The school — whose website promises it “will open its doors” in September 2014 — has only raised about $800,000 of an estimated $2.5 million required to fund start-up costs and cover operating deficits in its early years, according to a city staff memo prepared for the Economic Development Committee.

The school wants to move into now-vacant second-floor space at 715 Church St., built in 1950 for the Lyttons department store chain and more recently the Evanston Barnes and Noble store, until the bookstore moved across the street to the Sherman Plaza development.

As a backup location, the school is also considering space at 622 Davis St.

The city staff memo says the 715 Church space would require major upgrades, including new heat and air conditioning units, stairways and an elevator. It says much of the sapce is in disrepair after renovations done to refit the first floor for new retail tenants.

The school has already hired four employee, including two Evanston residents, and anticipates having a staff of 30 to 40 when fully operational.

The city staff memo suggests that the school could establish collaborative relationships with arts, music and theater groups in town and be a draw for new residents seeking alternative school options.

The EDC is scheduled to discuss the concept at its meeting tonight.
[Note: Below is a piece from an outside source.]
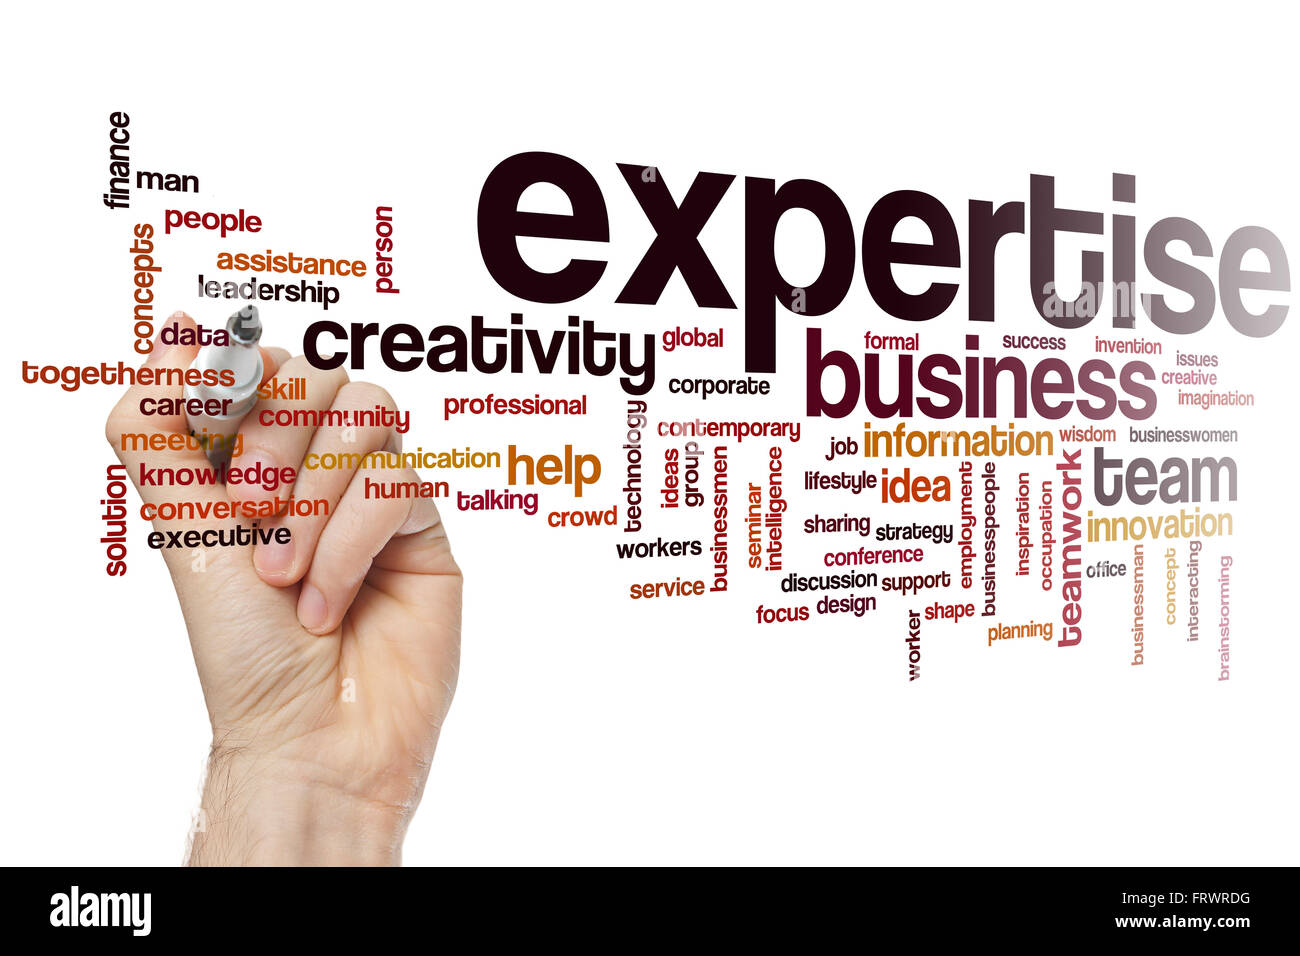 Expertise word cloud concept Stock Photo

If there’s committee support for the idea, a formal proposal would be presented at a future meeting.

Top: An image from the Beacon Academy website.

Bill Smith is the editor and publisher of Evanston Now.

Join the Conversation


  1. No no no no no!

    Enough already!  The City is not the following:

    1.  Commerical bank

    2.  Foundation

    3.  Credit Union

    4.  Investment firm

    The City made the right decision with Piven.  I hope they have the common sense to send this and any other  private school (without any requirement to serve special populations) a strong message that the City does not commit scarce resources to speculative real estate ventures.

    Beacon can do what every other private school does:  raise private capital.  Tax payer dollars should never be used as seed money for a project such as this one. 

    The same goes for any for-profit entity that cannot secure private financing.

  2. Try a bank

    Why should Evanston guarantee a $650,000 loan for a private school?  The city is not a bank.  Chase has a lot of money, try them.   Maybe Catholic and Jewish schools would like to borrow some money too.  I wonder how far they would get?

  3. No

    It appears that there is an endless line of people, businesses, and non-profits that seek money or loan backing from the city. For good reason, they see the silly things the city council has done in the past couple of year. From a 2 million dollar parking lot to a wine bar on howard to a new front for a waffle & chicken place, you would think that the mayor, city manager, and council are hooked on LSD. ———— Learn to just say NO.